In 1995, National Bank of Detroit—then headquartered in the building you see—was taken over or merged with the First Chicago Corporation and the name was changed, very briefly, to First Chicago NBD. It was in 1995, this building ceased to be the home office for a bank. In that age of deregulation and the amalgamation of financial service firms, First Chicago Corporation was taken over and became Bank One in 1998. The name of the building you see was changed to Bank One Center. This name was used for some years but then, six years later, Bank One was purchased by or taken over by the New York firm, JPMorgan Chase. Hence, the name of the building was change in April, 2006 to Chase Tower.
Given the history of industrial development in Detroit, you might ask why it is not now and never has been a major banking center. General Motors was, for some time, the nation’s largest corporation and Ford and Chrysler were not far behind. There are several reasons for Detroit’s modest role as a financial center. Apparently Detroit banks, in the early years of the vehicle industry, were skeptical about investing in the auto industry. Henry Ford took a very dim view of most bankers. Detroit lost the competition in 1913 to become a Federal Reserve city, ending up with a branch of the Chicago Federal Reserve Bank. When Alfred Sloan took over General Motors from Wil Durant, I believe he used financing from New York, not Detroit, banks. It was New York bankers who handled the sale of Dodge after the sudden and unexpected deaths of the Dodge Brothers and when Walter P. Chrysler founded his huge vehicle company in the late 1920s by amalgamating such firms as Dodge, Maxwell, and Chalmers; I believe that he also obtained funding from east coast banks. Comerica was the largest national bank to recently have its headquarters in downtown Detroit. In 2009, they began the migration of their headquarters to Dallas.

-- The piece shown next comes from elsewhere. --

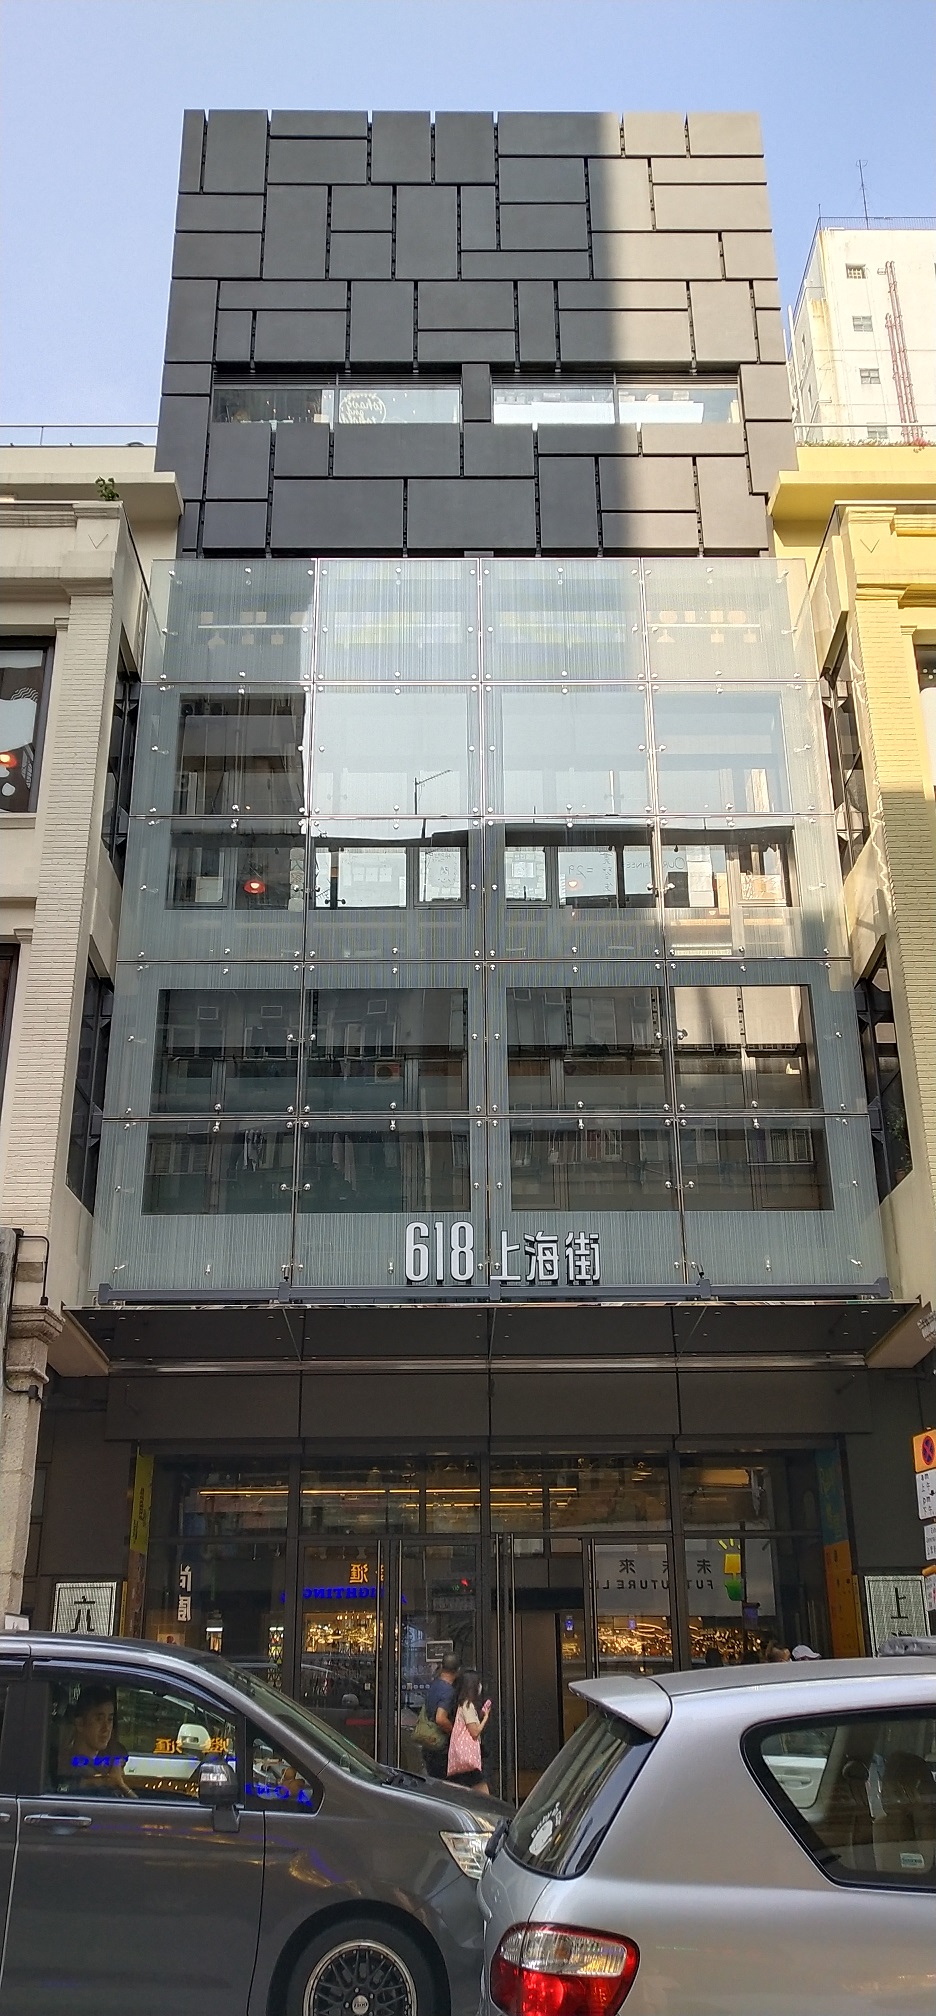 Modern entrance of Shanghai Street 618

Dan Gilbert, the chief officer of the Quicken Loans firm, began buying or taking options on office buildings in downtown Detroit in 2009. Presumably, he will continue to shift employees from Quicken Loans suburban offices to downtown Detroit. This seems likely to be a major stimulus for the economic revitalization of Detroit’s traditional financial district. In 2011, he obtained an option for Albert Kahn’s First National Bank Building as well as for the Chase Tower. In addition, by late 2011, he either owned or had taken options on the office building at 1500 Woodward, on the former Lane Bryant Building at 1520 Woodward, the former Arts League Building at 1528 Woodward, the Daniel Burnham designed Dime Building at 719 Griswold, the Madison Theater Building on Grand Circus Park and, perhaps, the two buildings on West Fort that once served as the Detroit branch of the Federal Reserve Bank of Chicago
Architects: Albert Kahn Associates
Date of Construction: 1959
Use in 2011: Office building
City of Detroit Designated Historic District: Not listed
State of Michigan Registry of Historic Sites: Not listed
National Register of Historic Places: This building is contiguous to the Detroit Financial Historic District that was listed on December 14, 2009. However, I believe that it was not included within that district since it did not meet the age requirement for a building: 50 years of age.